Some of 2026 FIFA World Cup’s biggest sporting superstars hail from immigrant families.
A country, where football was derided as “wogball” and marginalised as part of the identity of working-class immigrants, where episodes of racism still rear their ugly heads, where the Right-wing political party One Nation is gaining traction with its stringent stance against immigration, Australia now is the cultural portmanteau of this World Cup.
Four players were born in refugee camps. The players represent 15 ethnic backgrounds and include a Malaysian with Sri Lankan roots. Eighteen other players have direct immigrant or refugee heritage. To contextualise, only one Black player (Sam Morris) and another of Caribbean descent (Andrew Symonds) have represented Australia in cricket. It was not until 2010 that the first Black player, Sanford Wheeler, got a contract with the Australian Football League.

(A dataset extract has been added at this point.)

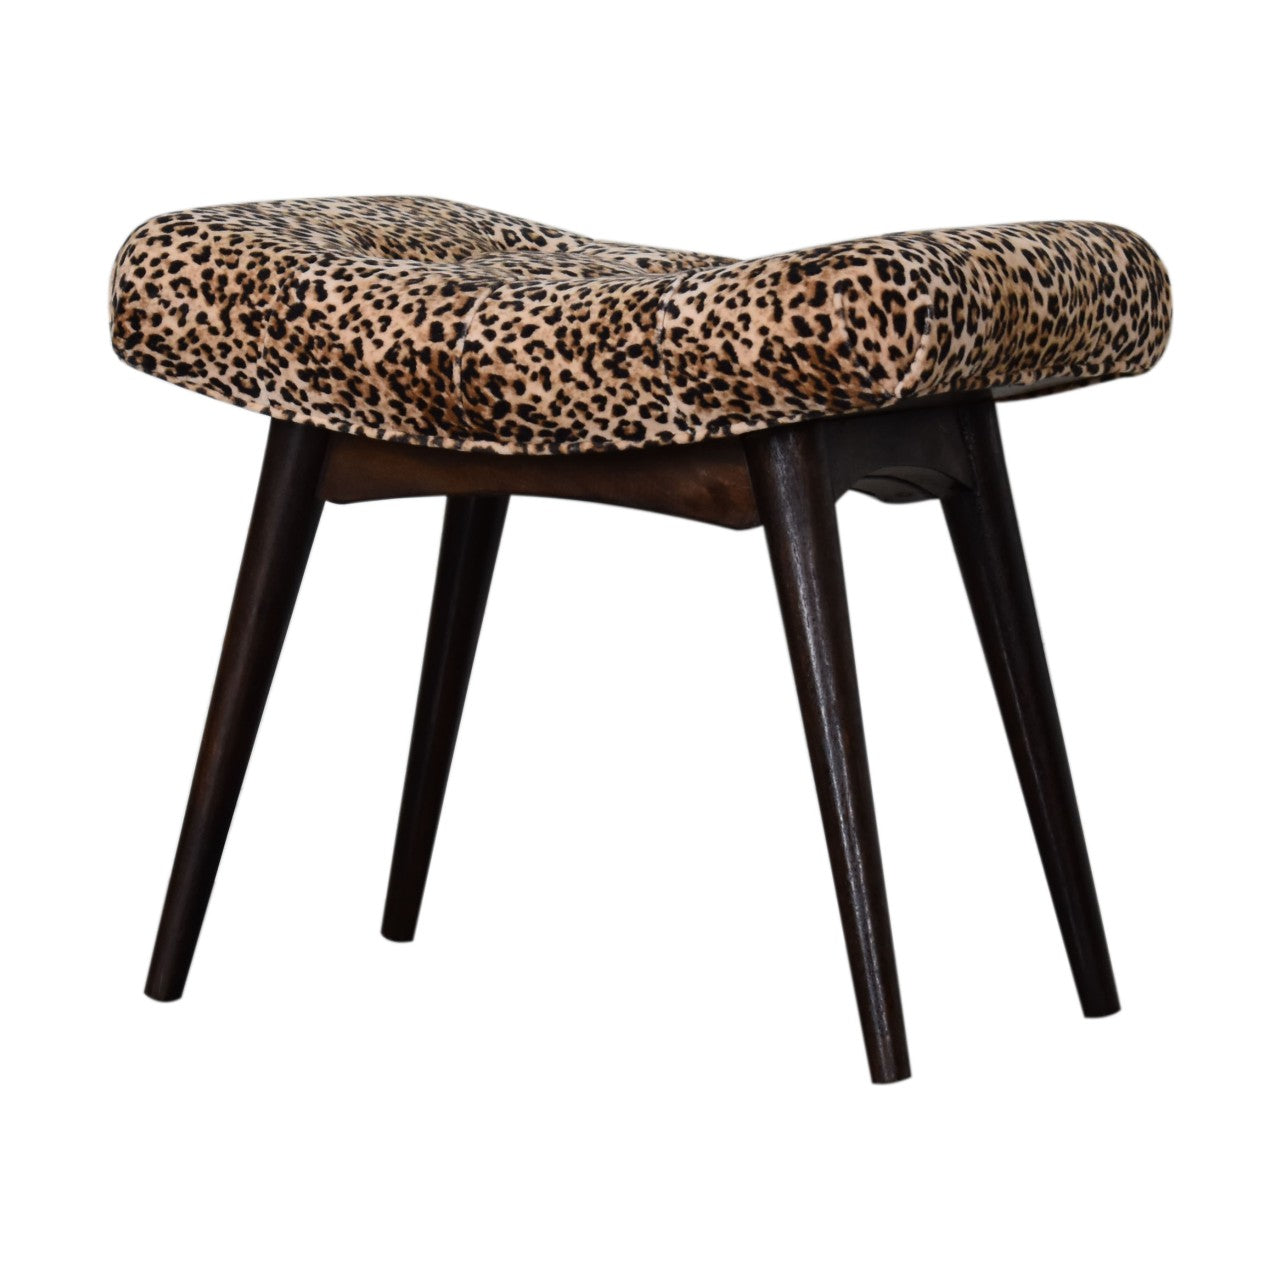 Leopard Print Curved Bench - mancavesuperstore

Australia’s Nestory Irankunda (Photo Credit: AP)
In Mo Touré and Nestory Irankunda, Australia has its own version of Nico Williams and Yamal. Nestory, who scored Australia’s first goal in the World Cup, was born to Burundian parents in a refugee camp in Tanzania. Mo Touré’s parents were both children when they fled the war in Liberia in 1989, undertaking an 18-day journey on foot to the Guinean border. They met and married in their twenties. Shortly after Touré was born, the family received an Australian visa on humanitarian grounds.
The beats of the immigrant song are reaching far and wide this World Cup, from European nations to the Middle East to the Americas and Australia. It is not some kind of migrant opportunism, but a reflection of what the world has been and is.